What the exercise asks:
The lines below starting at the line containing "Alliander geeft opnieuw groene obligatie uit" and ending at the line containing "PUNCH:527399cb --- arianechie.dominiotemporario.com" are to be repeated exactly, with both ends kept and nothing else added.
BEGIN Available data
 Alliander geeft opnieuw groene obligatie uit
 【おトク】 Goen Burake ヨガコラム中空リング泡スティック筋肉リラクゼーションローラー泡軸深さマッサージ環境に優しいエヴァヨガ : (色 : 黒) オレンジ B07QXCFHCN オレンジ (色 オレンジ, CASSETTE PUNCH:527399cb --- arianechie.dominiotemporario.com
END Available data
BEGIN Available data
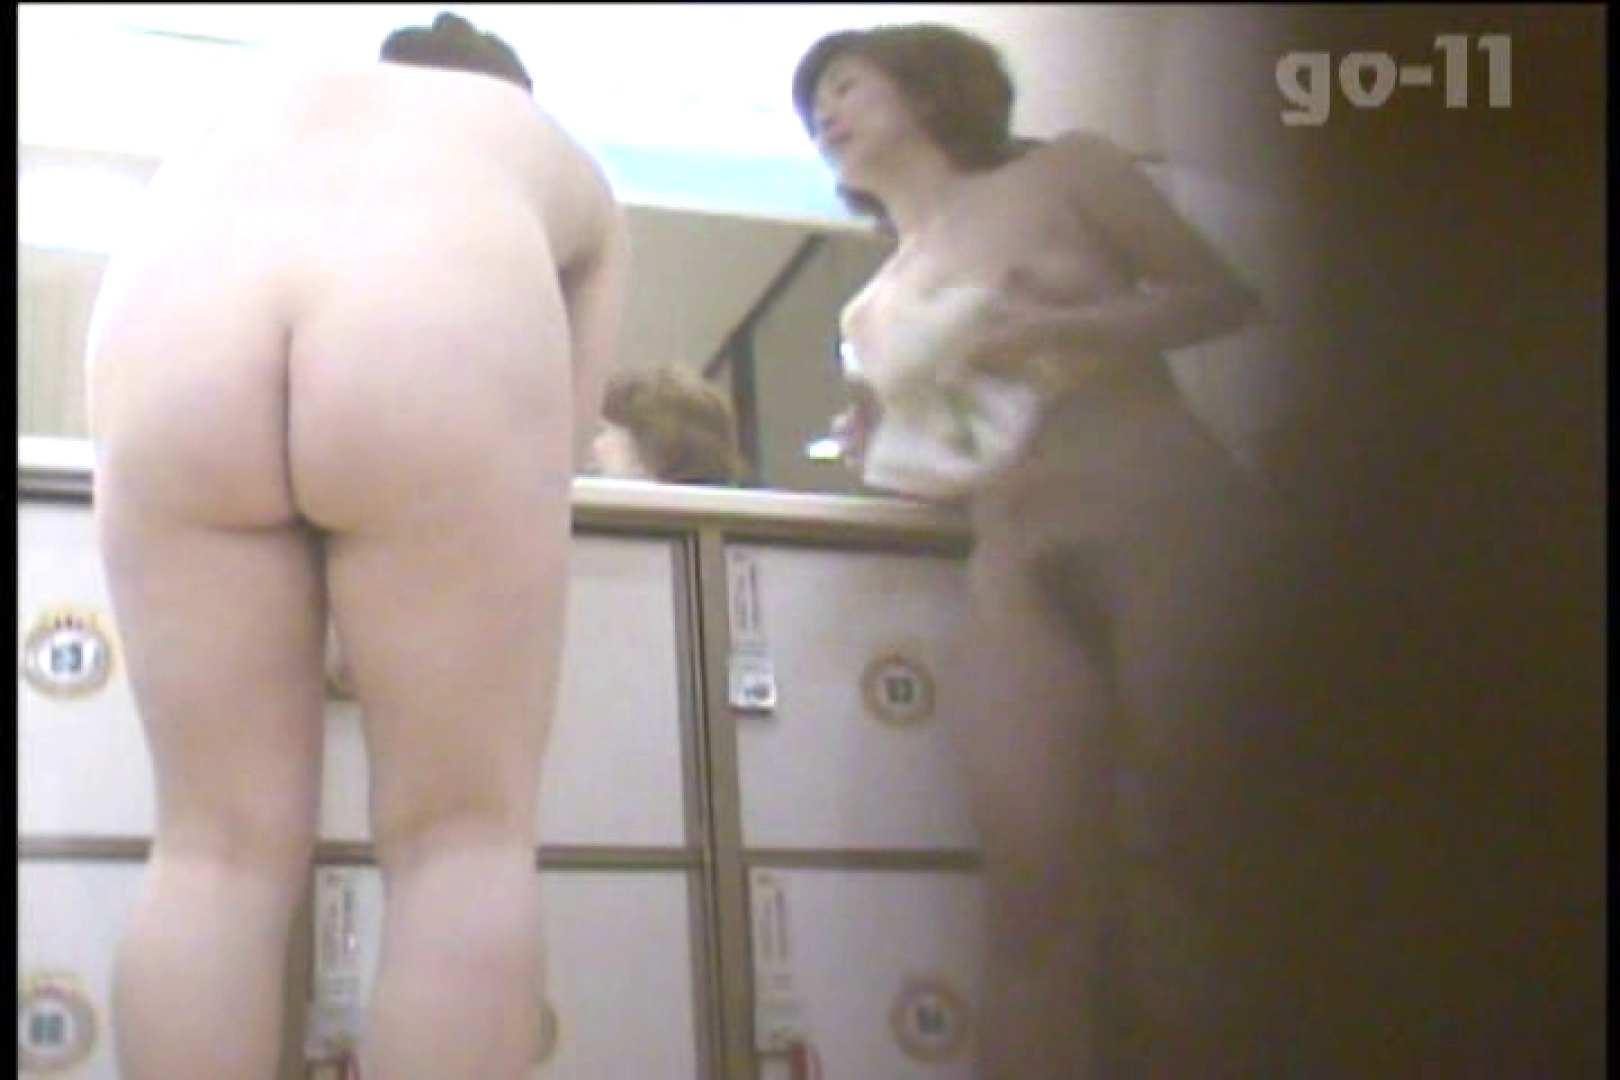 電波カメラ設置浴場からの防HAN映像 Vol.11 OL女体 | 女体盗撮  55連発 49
END Available data
BEGIN Available data
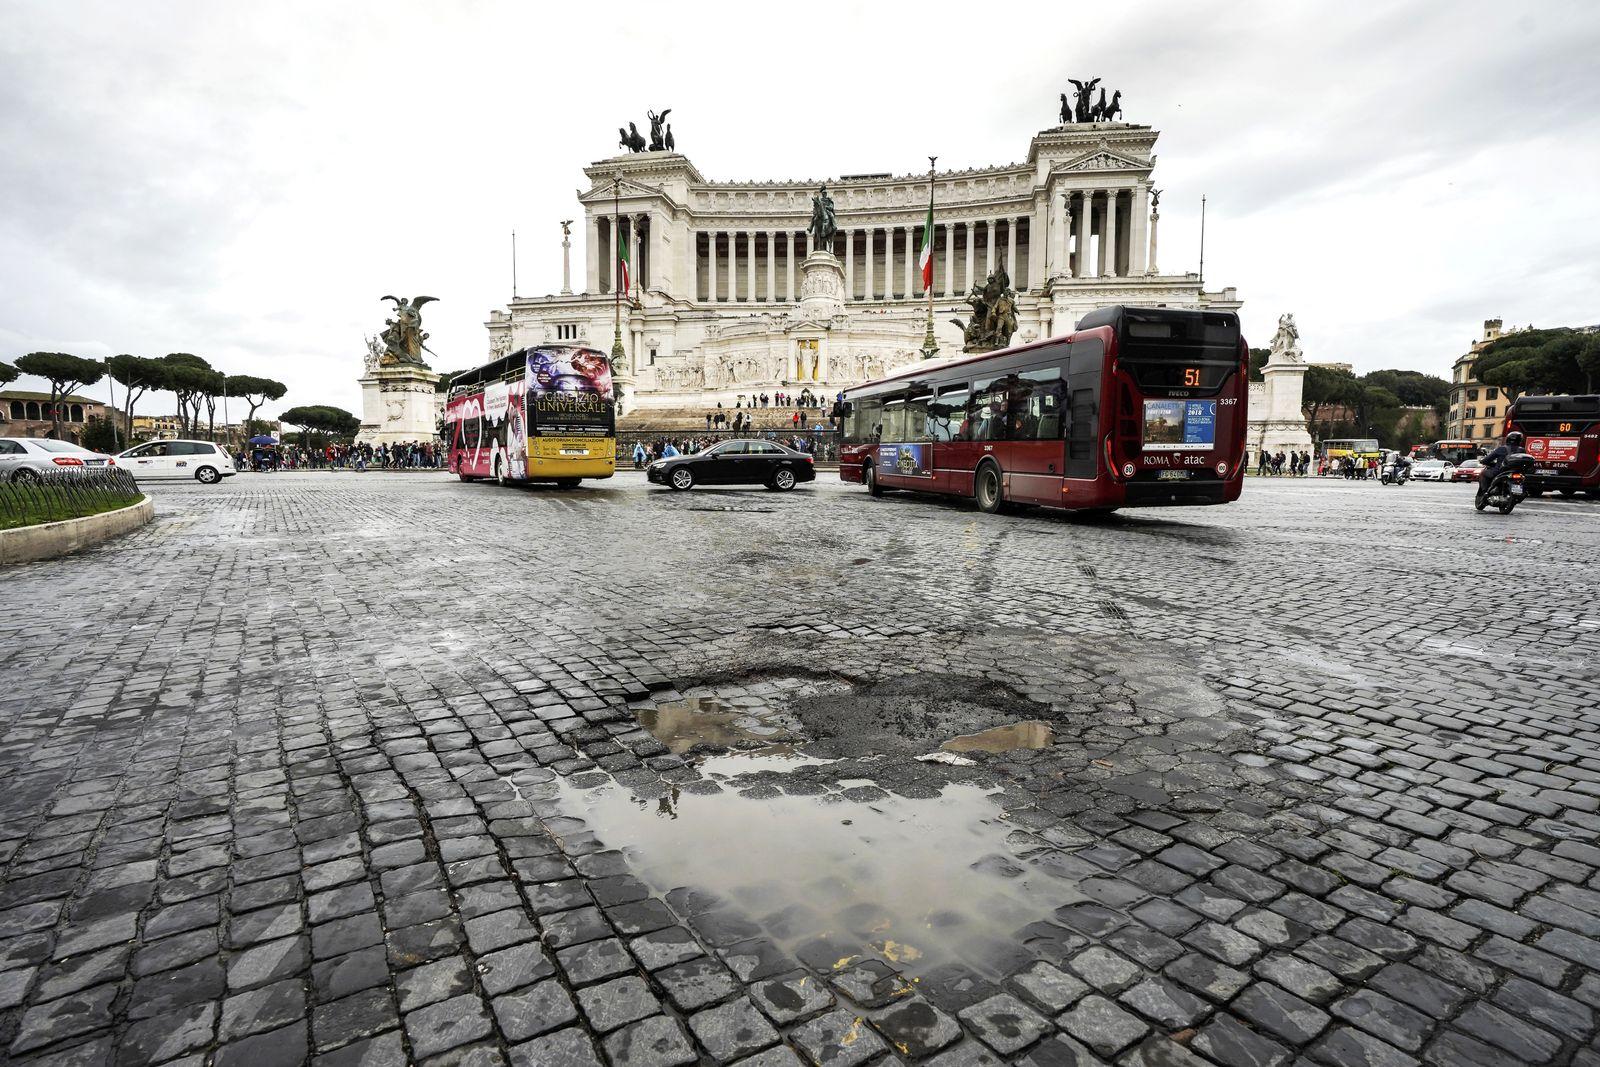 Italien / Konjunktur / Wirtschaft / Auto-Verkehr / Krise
END Available data
Finished task:
 Alliander geeft opnieuw groene obligatie uit
 【おトク】 Goen Burake ヨガコラム中空リング泡スティック筋肉リラクゼーションローラー泡軸深さマッサージ環境に優しいエヴァヨガ : (色 : 黒) オレンジ B07QXCFHCN オレンジ (色 オレンジ, CASSETTE PUNCH:527399cb --- arianechie.dominiotemporario.com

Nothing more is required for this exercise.